Outpatient Ultrasound for the Diagnostic Work-up of Oropharynx Cancer

An explorative diagnostic study was performed at the Department of Otorhinolaryngology, Head & Neck Surgery, Copenhagen University Hospital - Rigshospitalet, Denmark from October 1st, 2021, to April 30th, 2022. The study investigators invited adult patients from the outpatient cancer clinic referred with a suspicion of oropharynx cancer to participate in the study. At the study investigators' center, all head & neck cancer patients receive diagnostic work-up which includes clinical exam, flexible laryngoscopy with narrow-band imaging, surgeon-performed neck ultrasound and biopsy and/or cytology with same-day results. Patients were enrolled after verbal and written consent and were offered an ultrasound examination of the oropharynx as an addition to the standard diagnostic workup in the outpatient clinic. All included patients also received an MRI of the head and neck. Clinical data including age, sex, smoking habits, alcohol consumption, date of MRI scan, and histopathology results were obtained from medical charts after inclusion.

Interventions included transoral ultrasound of the tonsils and base of tongue, conducted with BK5000 ultrasound machines using the X18L5s "hockey stick" transducer. Transcervical ultrasound was also performed in patients where a tongue base cancer was most likely. Standard linear neck transducers (X18L5) or a curved 9C2 transducer was used. The tonsils and tongue base were scanned in two planes if possible, and doppler flow was recorded as well. Ultrasound images were stored as video clips.

The detection of tumors with ultrasound was recorded as "positive" if a well-defined tumor was seen that was clearly visualized compared to the contralateral side. A "negative" result was given if no tumors were suspected on either side. An "inconclusive" result was given if a tumor was not clear, but there was suspicious asymmetry visualized. The anatomical sub-location of tumors were stratified into right and left tonsil, tongue base, overlapping tonsil and tongue base, and "other" sub-locations. "Other" sub-locations included the soft palate, uvula, oropharynx posterior wall, vallecula, anterior pharyngeal arch and posterior pharyngeal arch.
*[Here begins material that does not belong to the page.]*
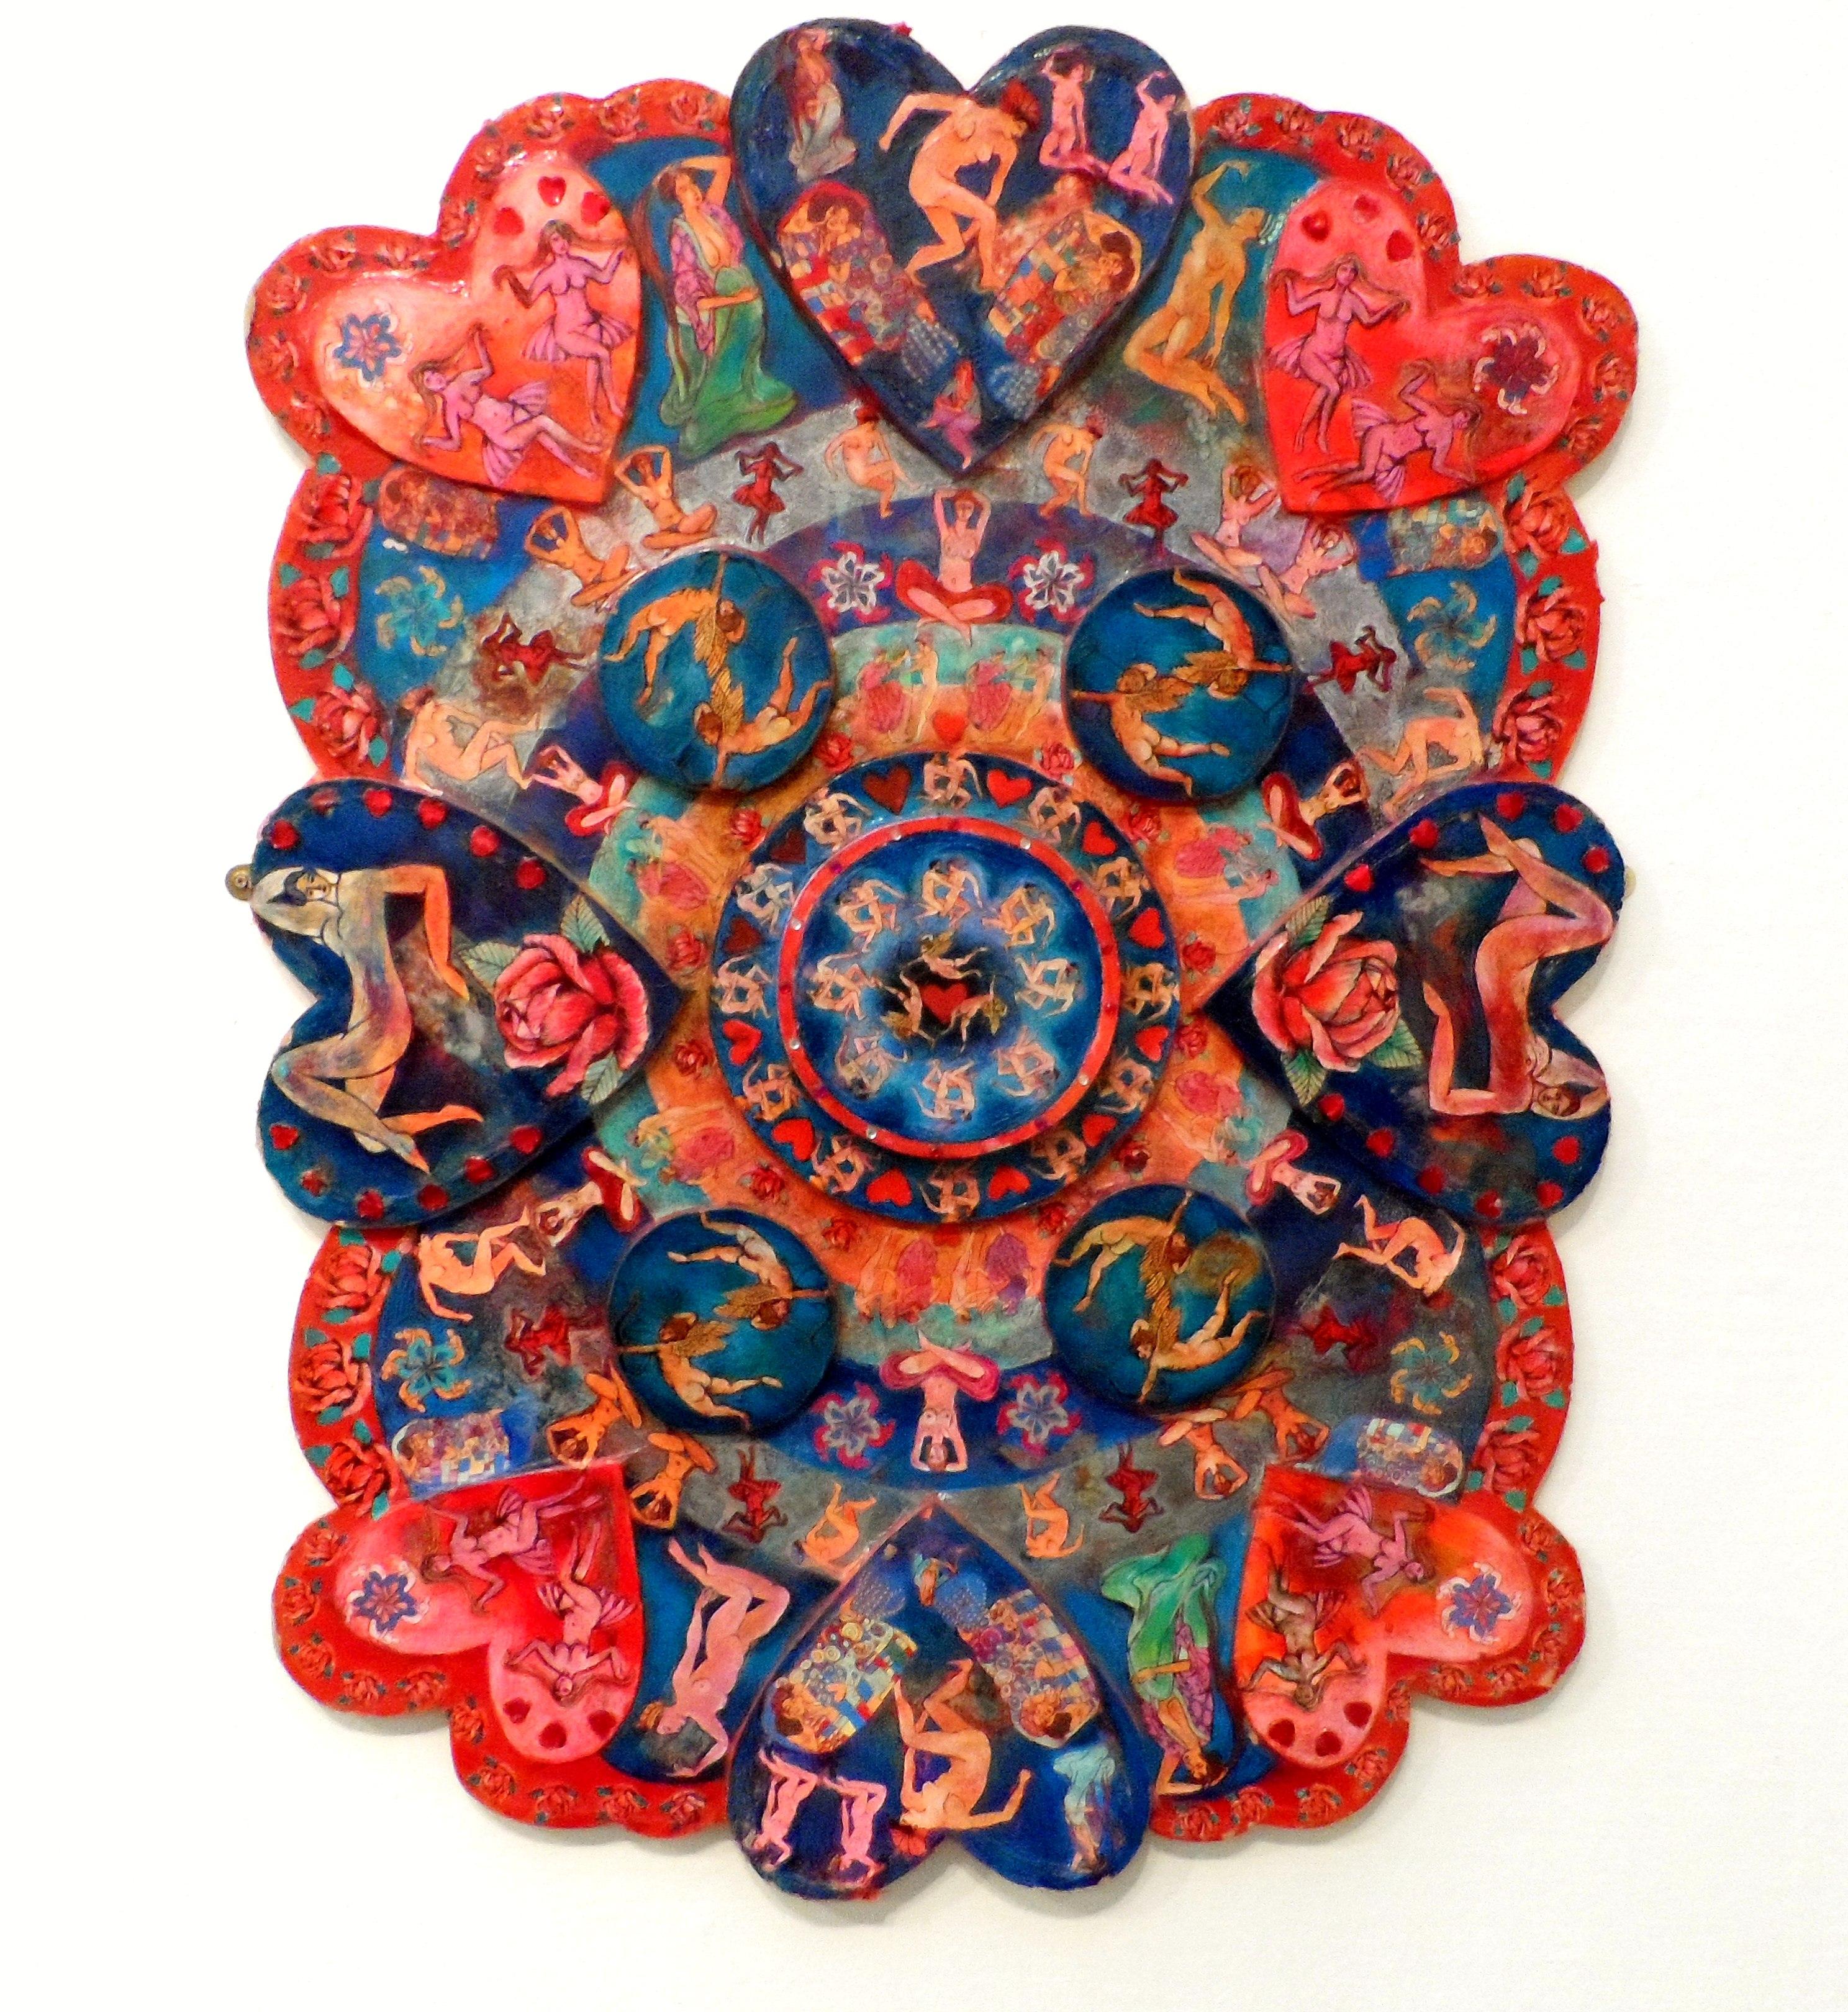 LOVE MANDALA by Nikki Parmenter, Williamson Gallery, 2019

MRI was used as the reference test. An expert neuroradiologist blinded to ultrasound results and histopathology rated all tests for tumor detection in the oropharynx and tumor size in detected tumors.

Statistical analysis:

Tumor detection of oropharynx ultrasound and MRI will be compared using the histopathologic diagnosis (cancer or benign) as reference standard to calculate sensitivity, specificity, positive- and negative predictive values (PPV, NPV).

Inconclusive tests will be analyzed as a positive result due to the clinical consequences often leading to diagnostic tonsillectomy.

McNemar's test for differences between sensitivity, specificity, PPV and NPV between ultrasound and MRI will be calculated.

The greatest tumor diameter will be compared between ultrasound and MRI using scatter plots and the Pearson's R correlation coefficient. Tumor volumes calculated using the formula for an ellipse: π/6 * craniocaudal * anteroposterior * mediolateral will be compared. Statistical analysis will be performed using R software version 4.2.2.